HiCPlus has been used as described in Zhang et al. (2018). We modified the original code in order to apply the algorithm to the whole contact map whereas it was originally developed to enhance short-range contacts only. The version of the code we used is available at https://github.com/jbmorlot/HiCPlus/.

2.6 Downsampling

In order to quantify the efficiency of our algorithm, we tested whether it is capable of inferring the full information available in a deeply-sequenced contact map, from a map with less contacts. To implement this test, we sampled the raw contact map using a binomial probability. For every couple of bins i and j, the number of contacts M_ij between these two genomic regions in the raw map is replaced with a random number generated from a binomial distribution of parameters M_ij and k. We successively used three different values of k: 0.1, 0.01 and 0.001, corresponding respectively to downsampling the raw map to 10, 1 and 0.1% of the contacts. This parameter k, controlling the percentage of contacts retained, is henceforth termed the downsampling ratio.

To validate our downsampling method, we used raw reads from ESCs replicate 4. We use two different downsampling procedures: either by using the read sampling programme seqtk (Li, 2018) before running the mapping procedure, or directly on the contact counts obtained after mapping as described above (Supplementary Fig. S2).
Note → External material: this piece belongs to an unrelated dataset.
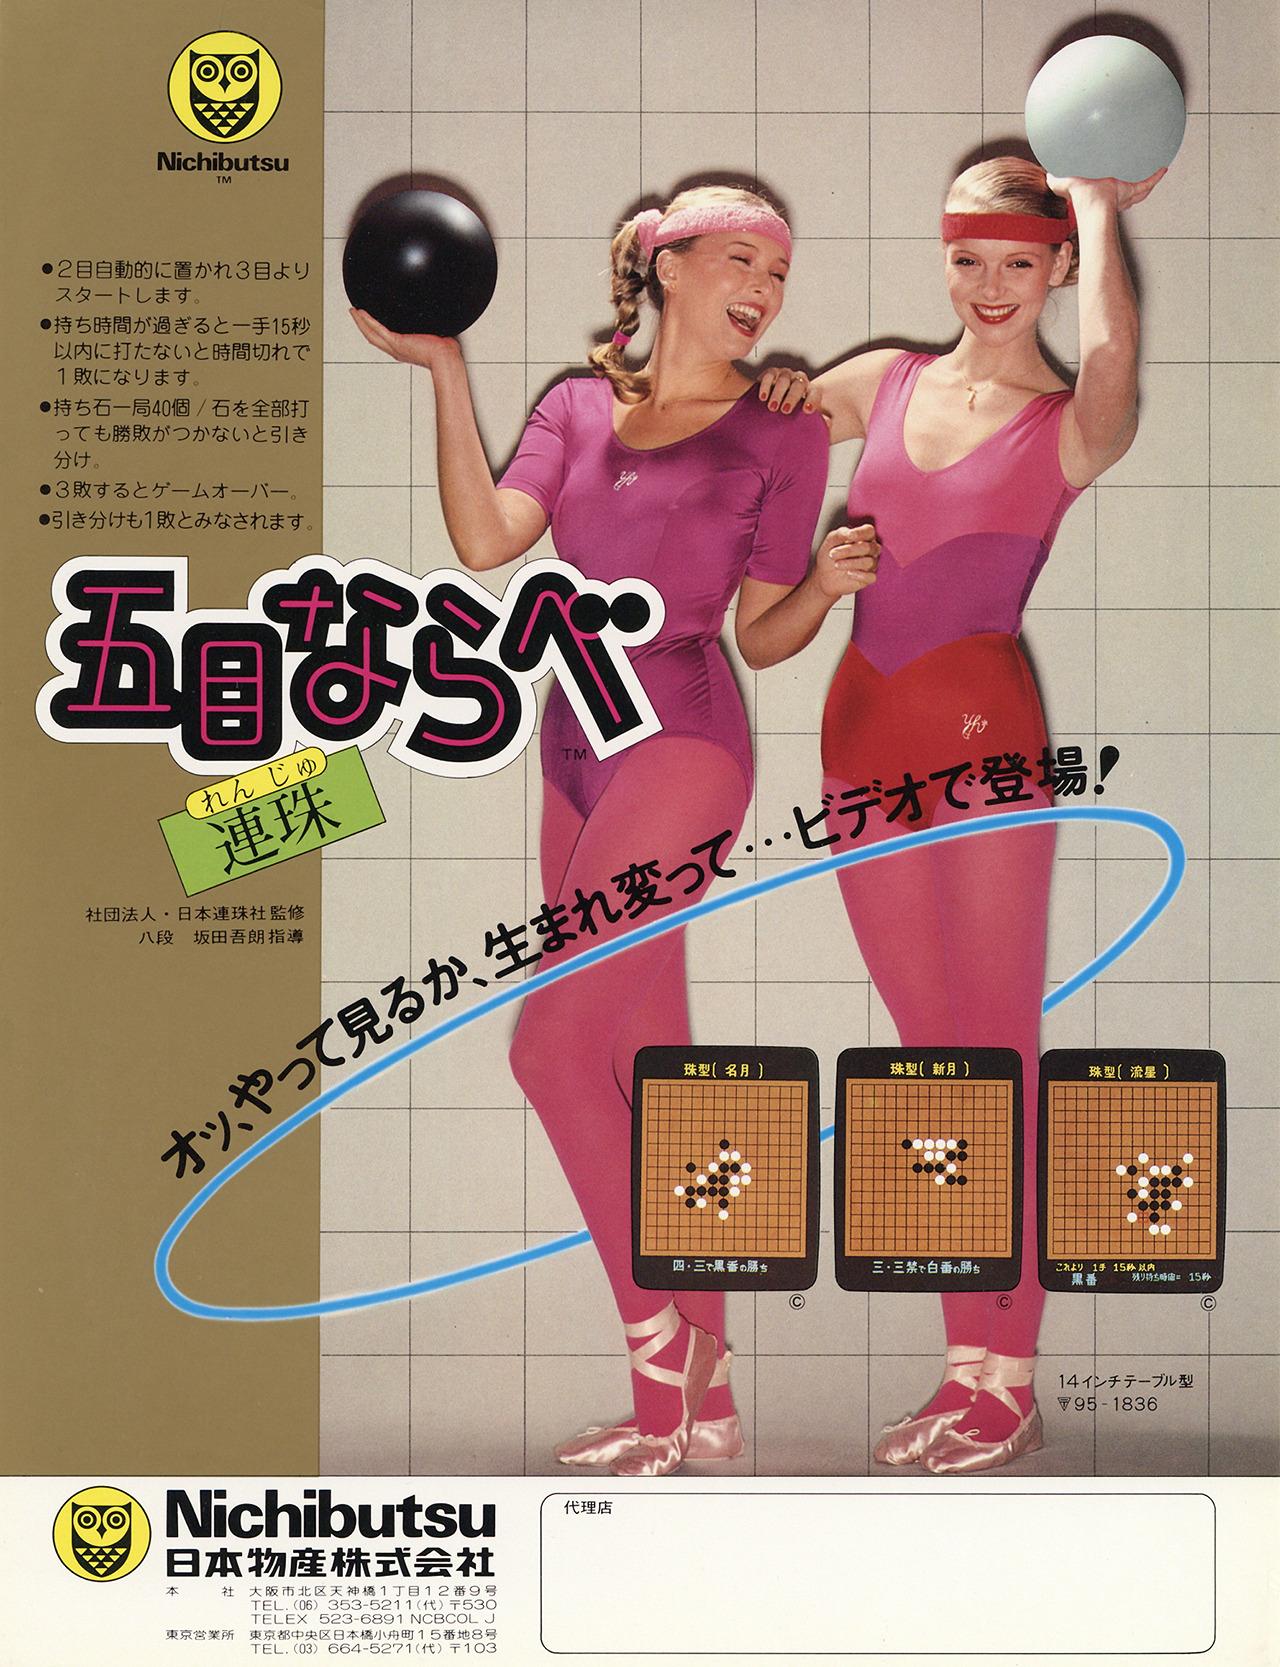 Les Jeux Vidéo japonais des Annonces à partir des années 1980

Resulting contact maps were compared with the original map using both eigenvector similarity (see below compartment determination) and Spearman rank correlation (Supplementary Fig. S3A and B). We also confirmed that the slope of the contact probability curve P(s) is sensitive neither to the downsampling strategy nor to the downsampling ratio, which only affects the level of its fluctuations at large genomic distance (Supplementary Fig. S3C and D).

2.7 Compartments and TADs

Compartments were obtained as in Lieberman-Aiden et al. (2010). First, SCN-normalized contact maps were transformed component-wise to their observed/expected ratio, i.e. each component is divided by the average over the diagonal line to which it belongs. Correlation maps were obtained by computing the correlation between the lines of these transformed matrices, namely the (i, j) component of the correlation map is defined as the correlation between lines i and j. The sign of the components of the first eigenvector of the correlation map was used to infer two compartments, one comprising the bins for which the eigenvector components were positive, the other the bins for which the components were negative. Which one is the A compartment (active compartment) was settled by computing the gene density in each compartment and assigning the label A to the highest-density compartment, the other one being the inactive B compartment.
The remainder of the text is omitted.